The DSS is poised to revolutionize the landscape of digital securities trading and settlement in the UK by leveraging emerging technologies such as Distributed Ledger Technology (DLT).
The proposed approach aims to modify existing regulations, enabling financial market participants to utilize cutting-edge technology in trading and settling digital securities like shares and bonds. Successful applicants to the DSS will be granted the ability to provide securities depository and settlement services, as well as operate trading venues under modified regulations, all under a single legal entity.
The initiative seeks to welcome a diverse array of firms, including new financial markets infrastructure (FMI) providers, facilitating learning opportunities and fostering innovation in the UK financial system.
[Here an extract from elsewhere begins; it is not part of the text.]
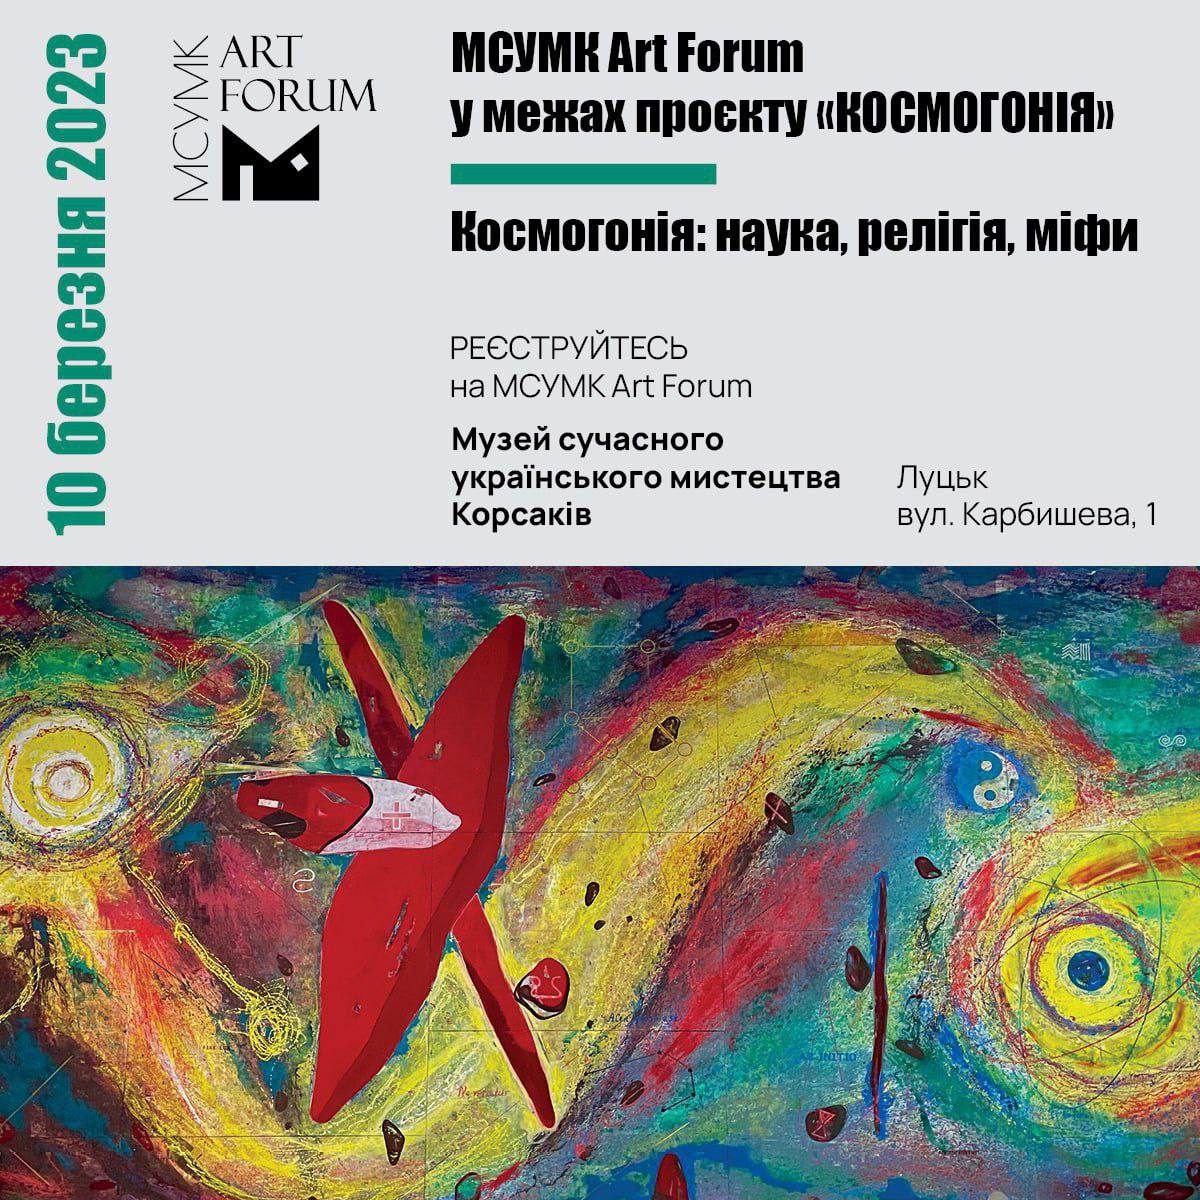 МСУМК Art Forum у рамках проєкту «Космогонія». Космогонія: наука, релігія, міфи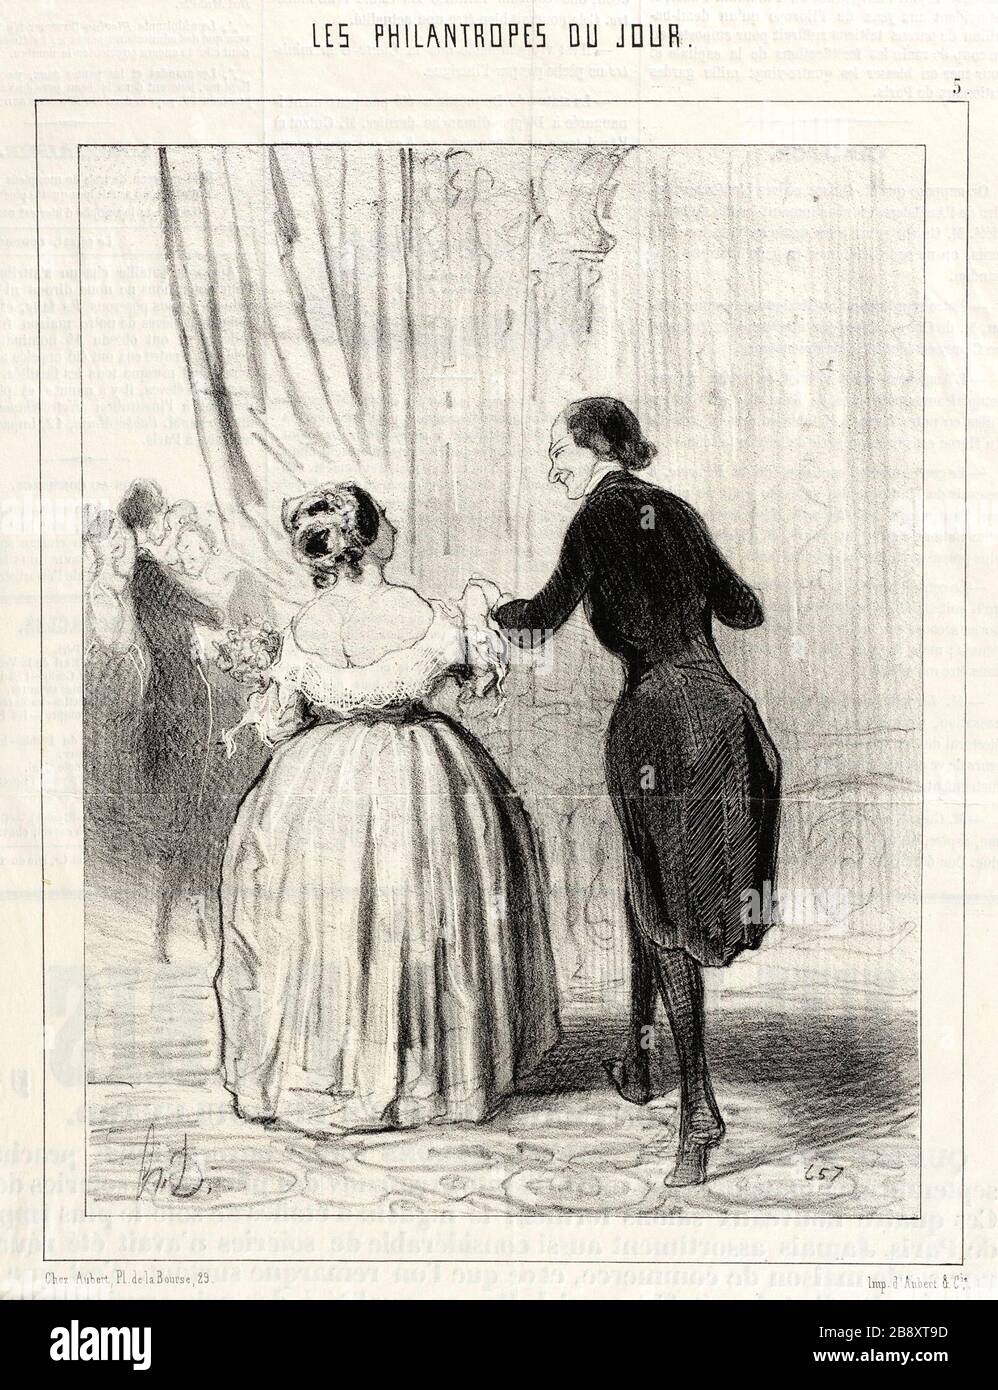 'Madame... ce n'est pas assez que d'avoir dansé au benéfice de ces pauvres Polonais...; English:  France, 1844 Series: Les Philantropes du jour, plate 5 Periodical: Le Charivari, 27 September 1844 Prints; lithographs Lithograph Sheet: 8 5/8 x 6 13/16 in. (21.91 x 17.3 cm) Gift of Norman and Leona Terry (AC1993.2.2) Prints and Drawings; 1844date QS:P571,+1844-00-00T00:00:00Z/9; ' Stock Photo

The regulators believe that:
“The DSS represents a major step in exploring innovation in digital assets in the UK and could lead to faster and cheaper ways for these securities to trade, settle, and be utilised among financial market participants.”
The hope is that the safe adoption of new technology in this domain could catalyze a technological transformation, promoting efficiency and resilience in the financial system in the long term.
What Assets Are Within the Scope of the DSS?
The regulators propose only allowing traditional finance assets within the scope of the DSS. Derivatives will only be accepted if settlement occurs outside the DSS. However, cryptoassets like Bitcoin and Ether are outside of the scope.
Eligibility Criteria and Progress through the DSS
The BoE and FCA will work together to operate the DSS. Their aims are to facilitate innovation (to promote a safe, sustainable and efficient financial system); and protect financial stability, market integrity, and cleanliness. As such, they have put forward eligibility criteria, and set out the four main stages of progression through the DSS.
The DSS is slated to operate over a five-year period and may pave the way for a permanent regulatory regime for securities settlement. To ensure financial stability, activity within the DSS will be subject to pre-defined limits.
Sasha Mills, Executive Director for Financial Market Infrastructure at the BoE, emphasized the significance of the DSS, stating:
“This consultation is an innovative approach for regulators and an exciting milestone in supporting innovation in the financial industry.”
Similarly, Sheldon Mills, Executive Director, Consumers and Competition at the FCA, highlighted the collaborative nature of the DSS, stating:
“The new Digital Securities Sandbox reshapes how we regulate by allowing firms to test regulatory changes using real-world situations before these changes are made permanent.”
The consultation period, open until May 29, 2024, invites input from interested parties to ensure the optimal operation of the DSS while safeguarding financial stability and market integrity. The regulators plan to publish final guidance for firms and open the DSS for applications in the summer of 2024, marking a pivotal moment in the evolution of the UK’s financial ecosystem.